Wednesday, March 31, 2010
A quiet day...
I had a very hefty reaction to my medication this morning. I felt extremely angry for a while and was worried about myself and what I would do with it and what it would do with me. I decided to go back to bed and sleep until it was over and that is the best decision I could have made. When I finally got up, my feelings were closer to normal, although I feel fragile, but at least I don't feel the large amount of anger anymore. I do feel weepy eyed and emotional and anything at all can start me of crying. I suppose I'm going through the whole spectrum of emotions.
Because I went back to bed early, and didn't wake up until after the fact, I missed my appointment at the SPC. I called over there and talked to my contact person to explain to her what had happened, but she told me that I was out of circulation now and that if I wanted a place in the creative classes, I would have to start the application process all over again. She had informed my SPN and sent back the official application this morning before she had talked to me. This hit me a bit hard, but I guess it is my own fault. It made me cry and I felt stupid. It made me feel sad more than anything for things not working out. For fear of failure, I will not start the application process again.

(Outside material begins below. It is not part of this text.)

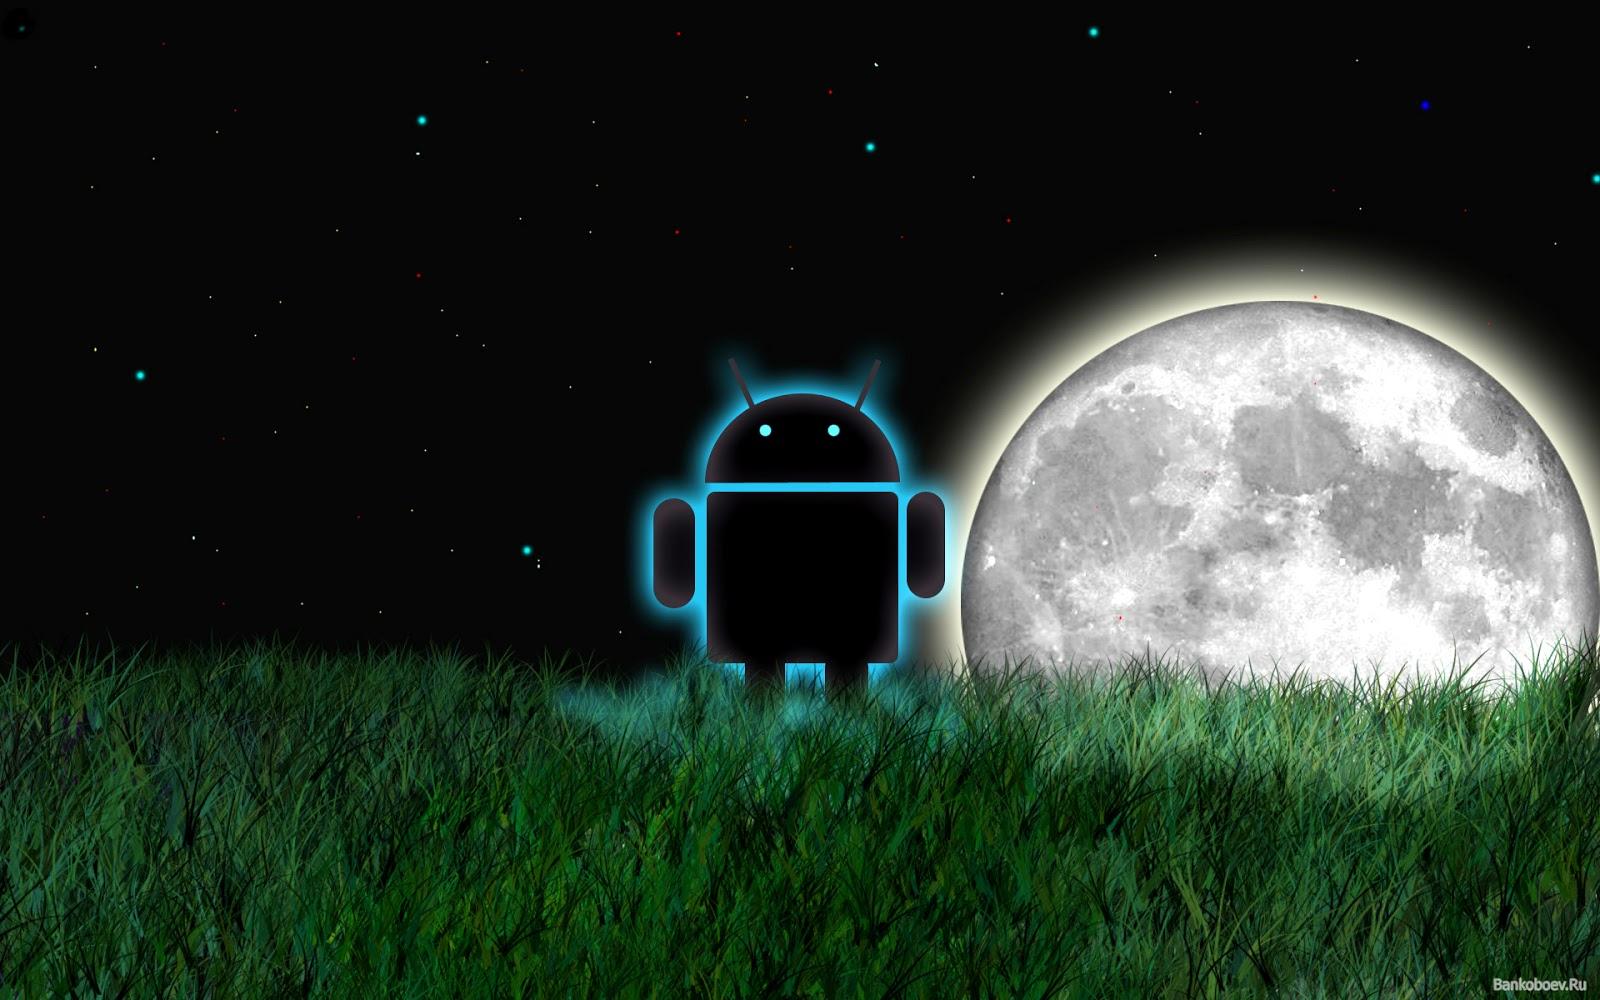 https://1.bp.blogspot.com/--djmJ8DF-to/UHuIjIKr3pI/AAAAAAAAAdA/3xj7s-tO4DM/s1600/Bankoboev.Ru_os_android.jpg

The Exfactor was here and in a weak moment I told him that I missed him, because I really do. I miss the camaraderie and the conversations and the intimacy. He told me that lately he had noticed that, but he thought it was because I was generally a lonely person. That makes me cry too, although I did not cry in front of him. I was as cool as a cucumber. I don't want to come across as a desperate woman who is needy. I guess in the back of my head I always think he will come back when he's done with whatever he needs to do now. It makes me cry now, because I want to keep my illusions intact.
I guess because of the medications I took, I lived under illusions for a long time. I mean I didn't face up to a lot of things. They were all buried in the fog of the side effects of the pills. Now that I don't take those pills anymore, or take less of them, a lot of things come to the surface. Realities and feelings, and not all of it is pretty. Some of it is downright painful and ugly, but I guess if you've loved someone for a long time, it is hard to stop loving them and that's what I'm faced with. I'm not interested in other men, because I'm only interested in one man.
Look and see what confessions people make on their personal blog. As if it is a secret diary. It feels good to "talk" about it, though. It feels good to air my heart. This way I don't have to walk around with it all by myself. You never know what people walk around with, what sort of feelings and wishes they have, what they long for. Life sometimes really is like a country & western song. "He done me wrong and broke my heart, but I kept on lovin' him."